「・・・・・・・・・あぁ。何だお前、今頃腰使えなくなったのか?」
「船長が初心者相手に本気になるからでしょう。はい、一応カイルは渡しときます」
アルがカイルをベッドに下ろす。
「兄ちゃんは今からどっか行くのか?」
「船長次第。」
カイルは詰まらなさそうに壁に凭れながら、アルを見上げる。
「んー、そうだな。お前はもう下がっていいぜ」
「分かりました」
アルがカイルに少し笑いかけて、部屋を出た。
「今、ここどこだ?」
「俺もずっと寝てたから分かんね。
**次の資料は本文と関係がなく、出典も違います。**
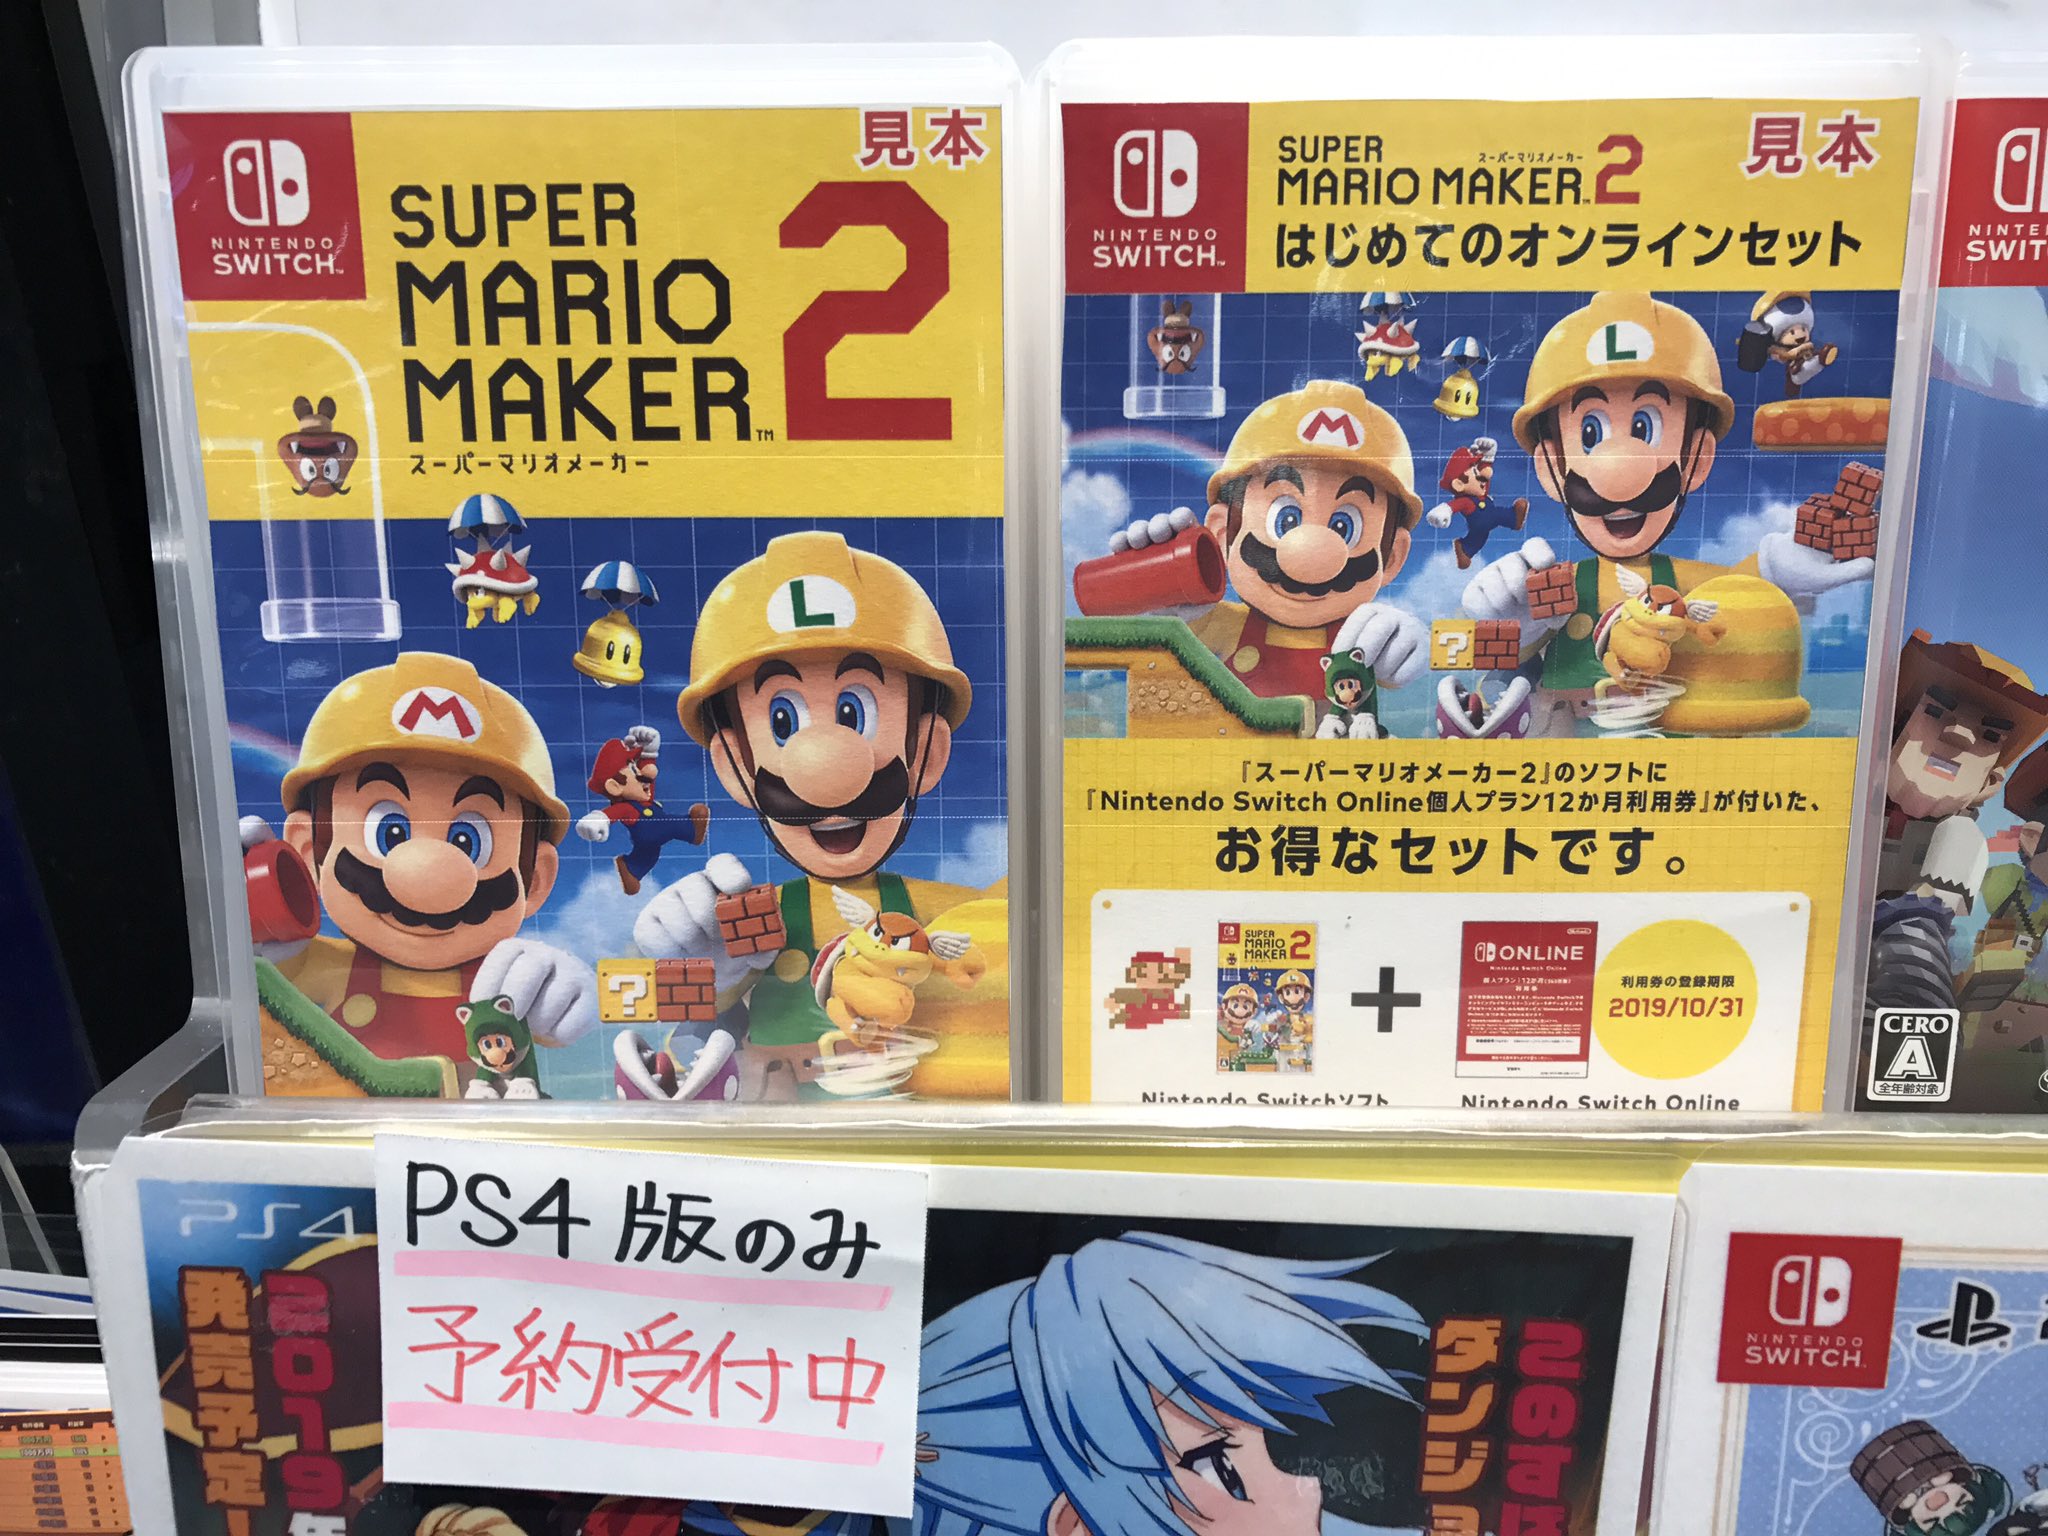 unse kolbøtte nul Cheesemeister 😷💉💉💉💉 on Twitter: "Super Mario Maker 2 pre-orders are  up. The sign below it says PS4 version only. https://t.co/jXPaAwg6YK" /  Twitter

多分、見るからには隠れ処の近くだろうけど・・・・」
「・・・・ふうん」
カイルがベッドに沈み込む。
「・・・お前、隙あらば逃げ出そうとしてんだろ」
「・・・・・・してない」
「いやいや、顔がそう言ってんぜ?いつ逃げれるか、みたいな」
「してないって」
鬱陶しそうに、カイルは足でシーザを追い遣った。
「行儀悪ぃな、この足」
「うわっ!!シーザに行儀悪いとか言われたくねぇし!」
カイルの足首を掴んで、引き寄せる。
ぐい、とシーザを蹴ってカイルが離れようとする。